## Activity
Reproduce the entire listing exactly. Leave the pictures out.

## Recorded data
§ §
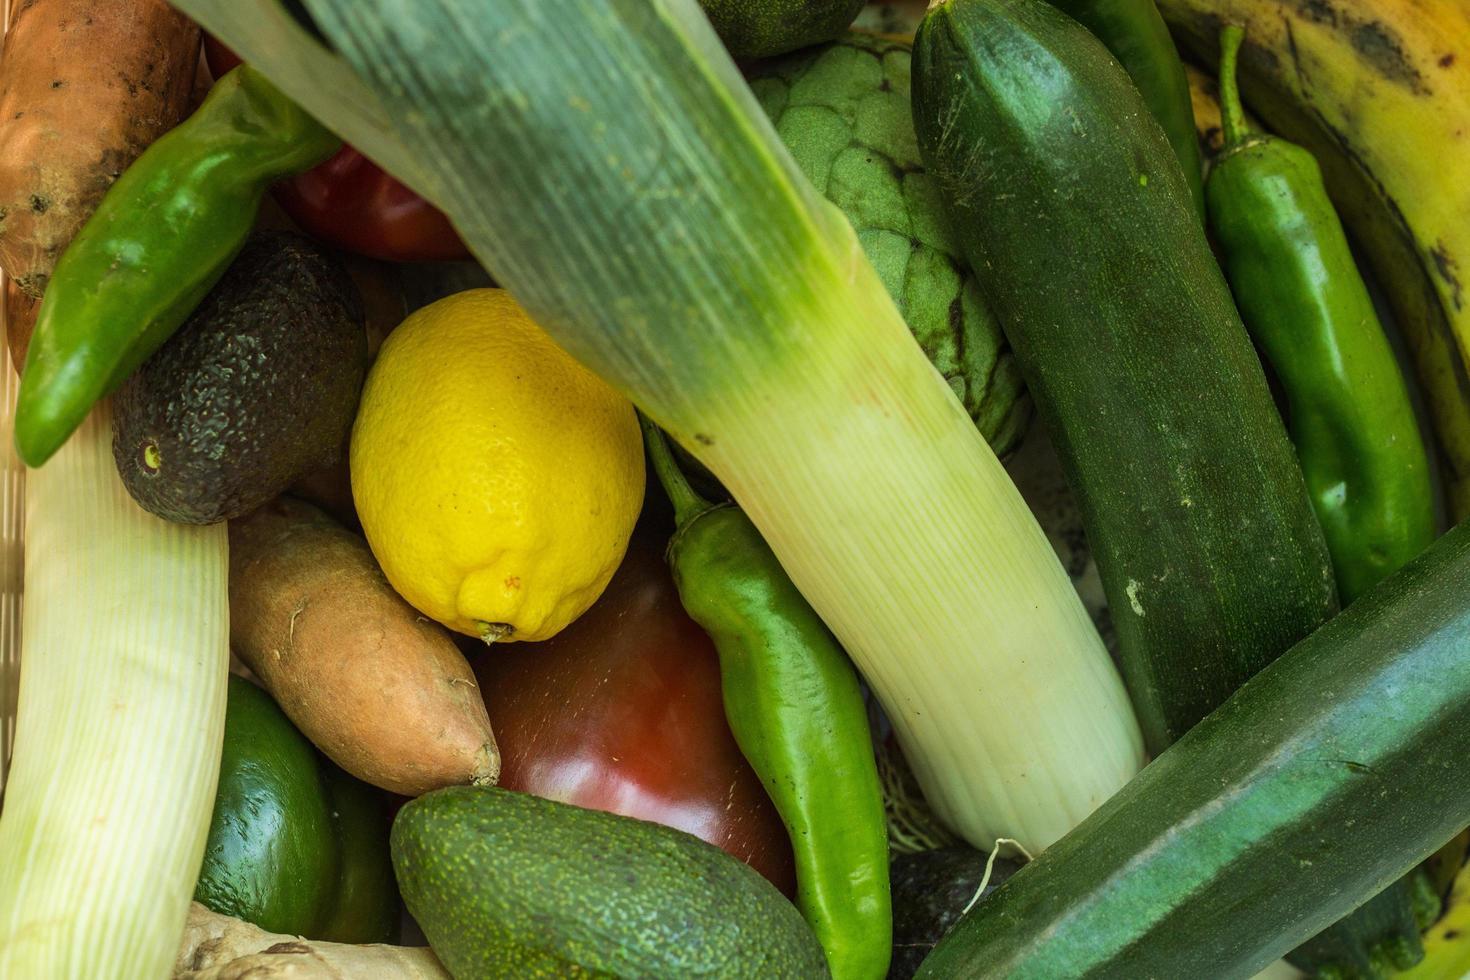 vue de dessus des légumes photo
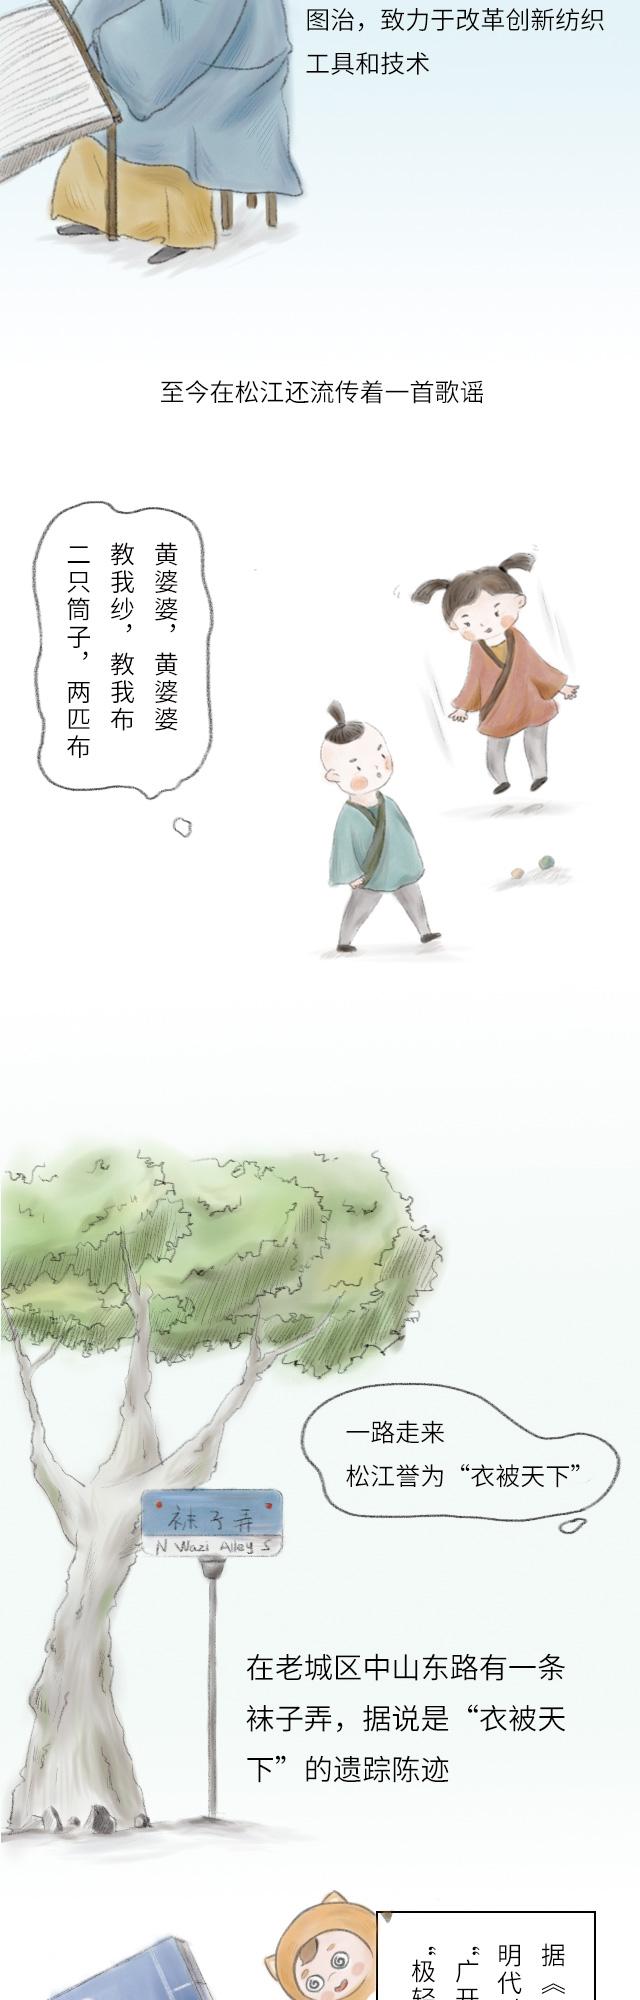 魔都松江前世今生
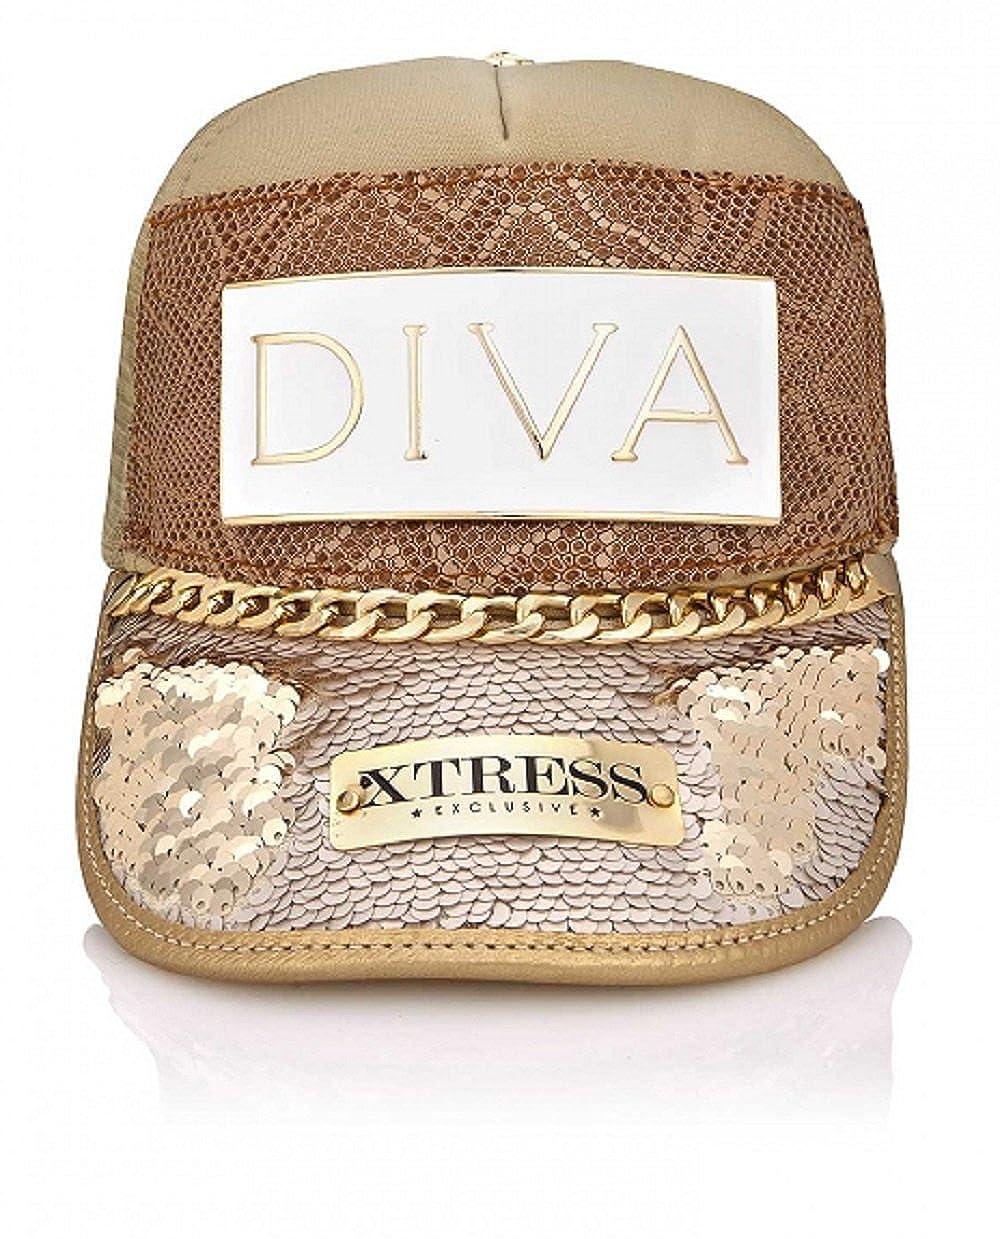 Xtress Exclusive Gorra fashion de diseño hecha a mano.: Amazon.es: Ropa y accesorios
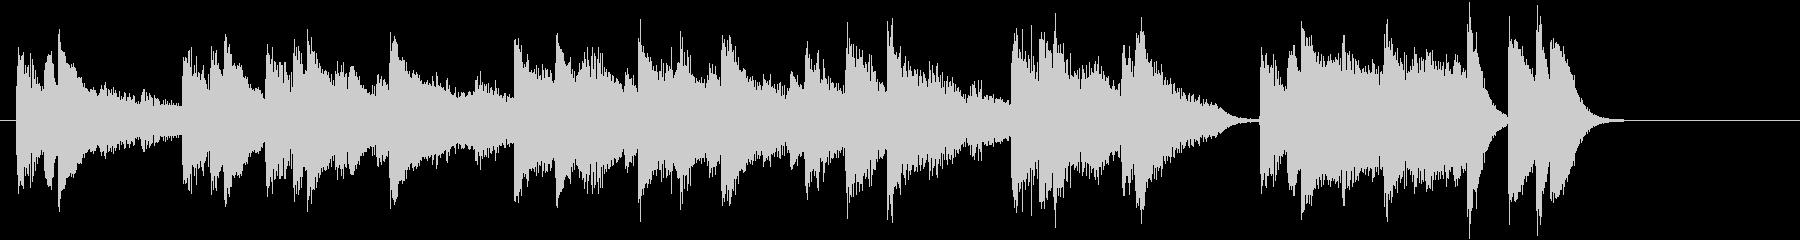 「乾杯の歌」モチーフのピアノジングルAの未再生の波形
§ §
## Solution for this problem
 vue de dessus des légumes photo
 魔都松江前世今生
 Xtress Exclusive Gorra fashion de diseño hecha a mano.: Amazon.es: Ropa y accesorios
 「乾杯の歌」モチーフのピアノジングルAの未再生の波形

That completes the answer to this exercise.